= Supplied material =
......

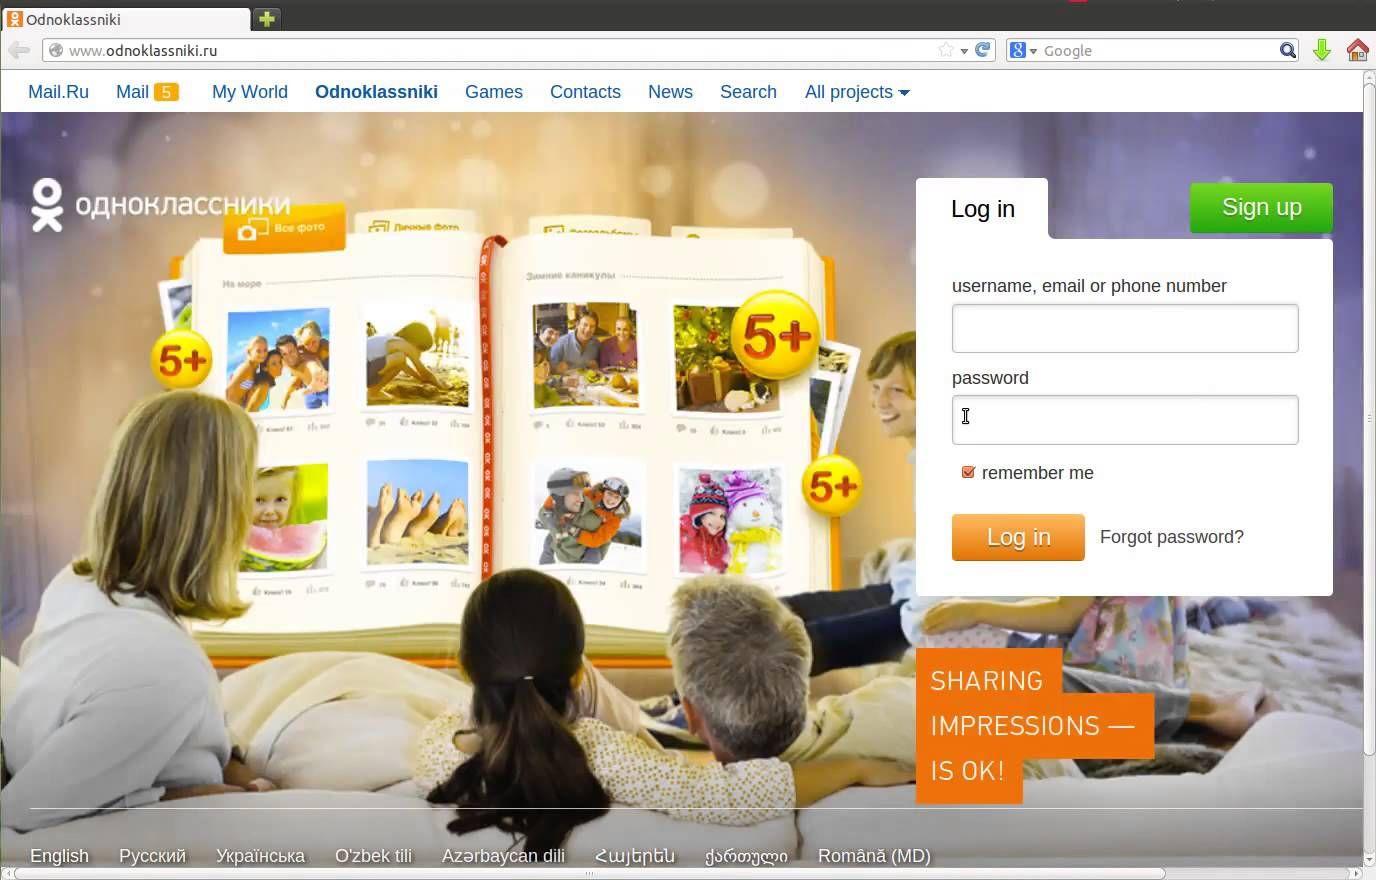 Caress congratulate Sign Odnoklassniki In Ru ideal
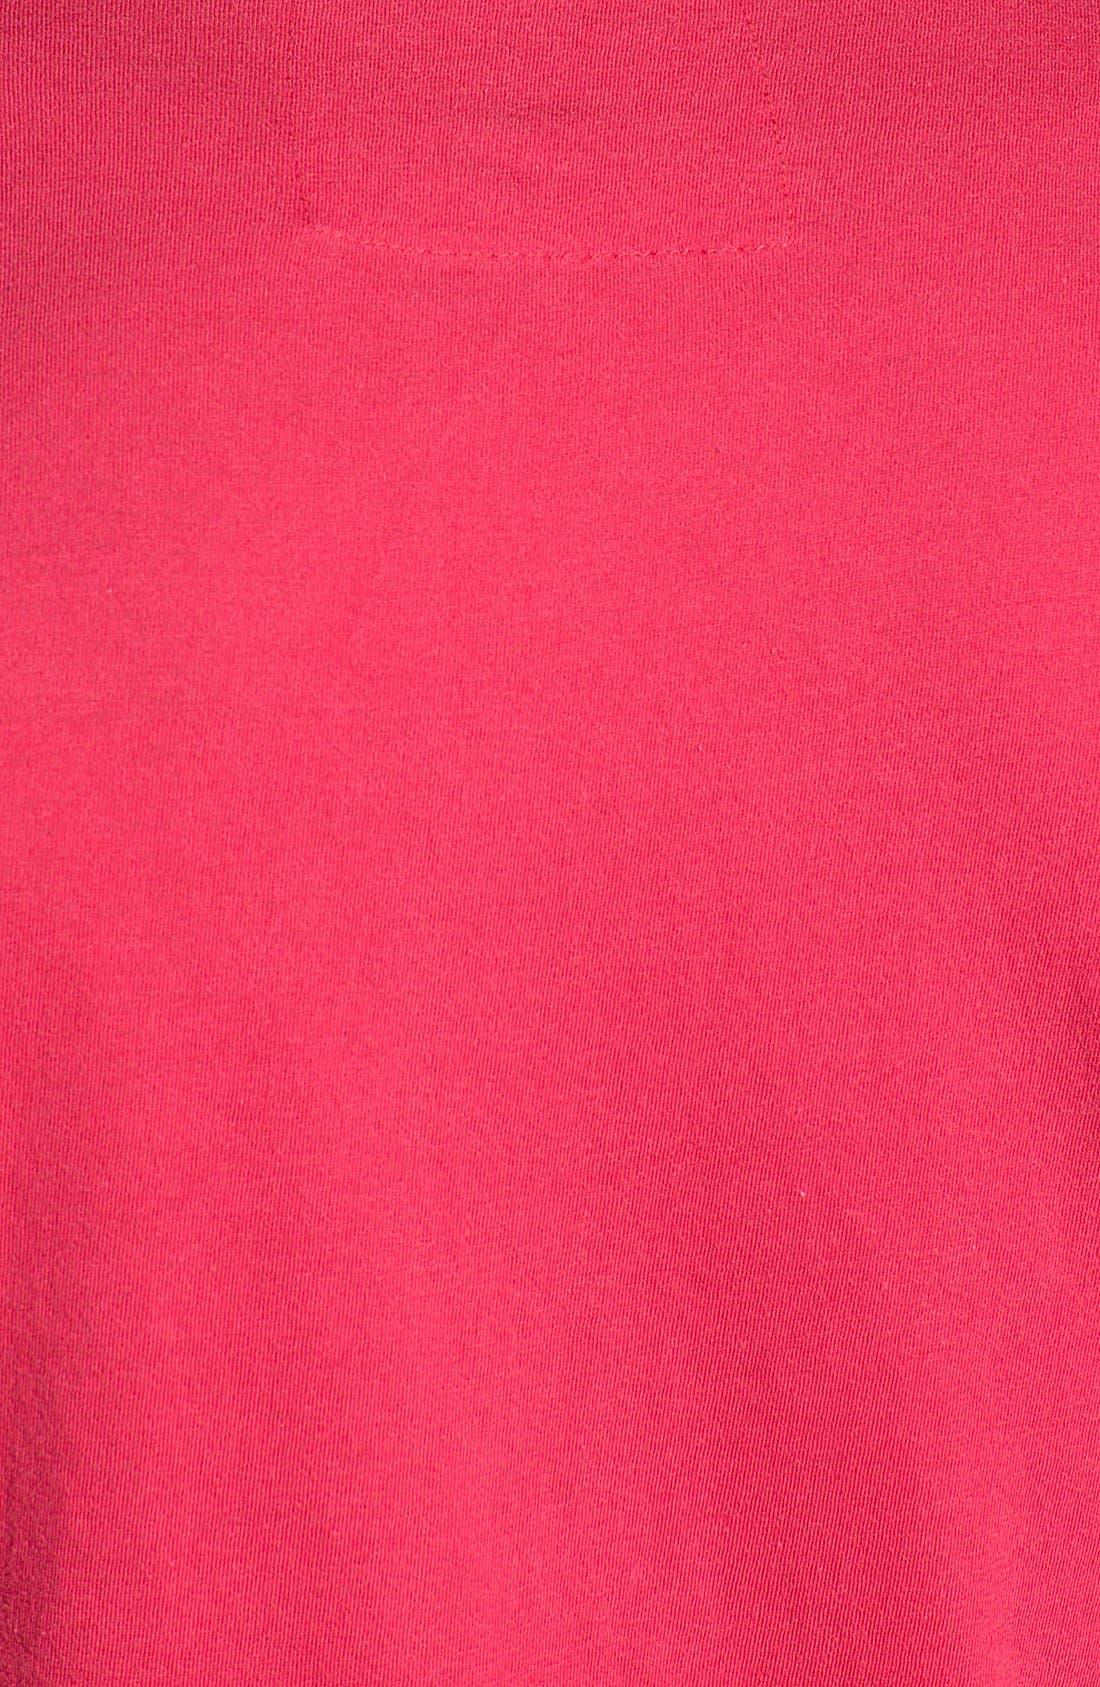 Alternate Image 3  - Red Jacket 'Hurricanes - Brass Tack' T-Shirt
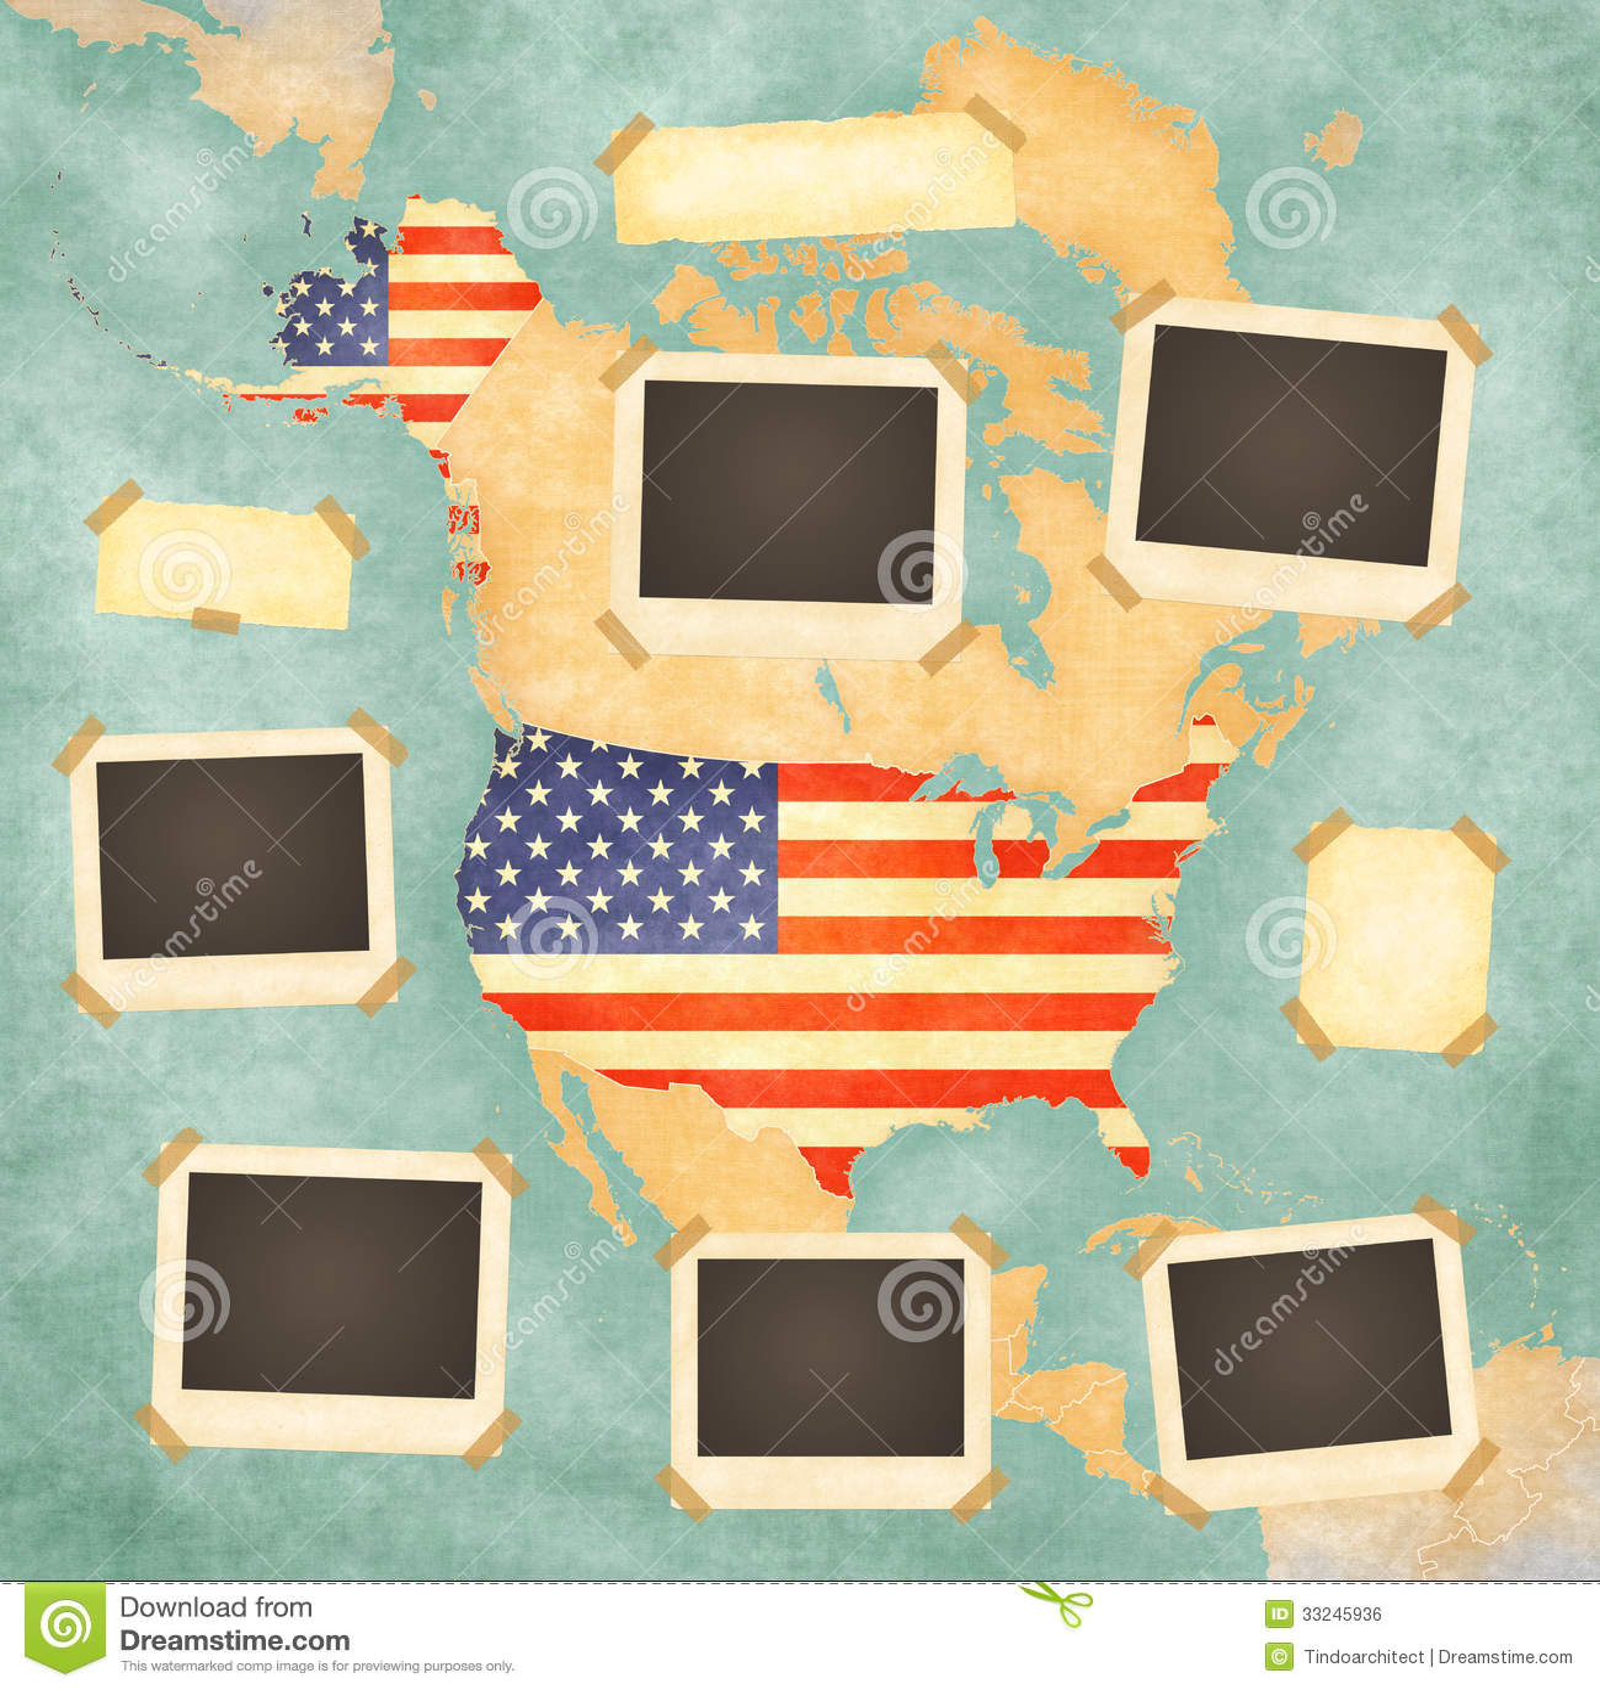 Vintage Photo Frames USA Royalty Free Stock Image Image - Free united states map graphic

......

= Your goal =
Each line from the one that holds "Alternate Image 3" through the final line of the data must be retyped exactly; the pictures must not appear.

= Answer to the exercise =
 Alternate Image 3  - Red Jacket 'Hurricanes - Brass Tack' T-Shirt
 Vintage Photo Frames USA Royalty Free Stock Image Image - Free united states map graphic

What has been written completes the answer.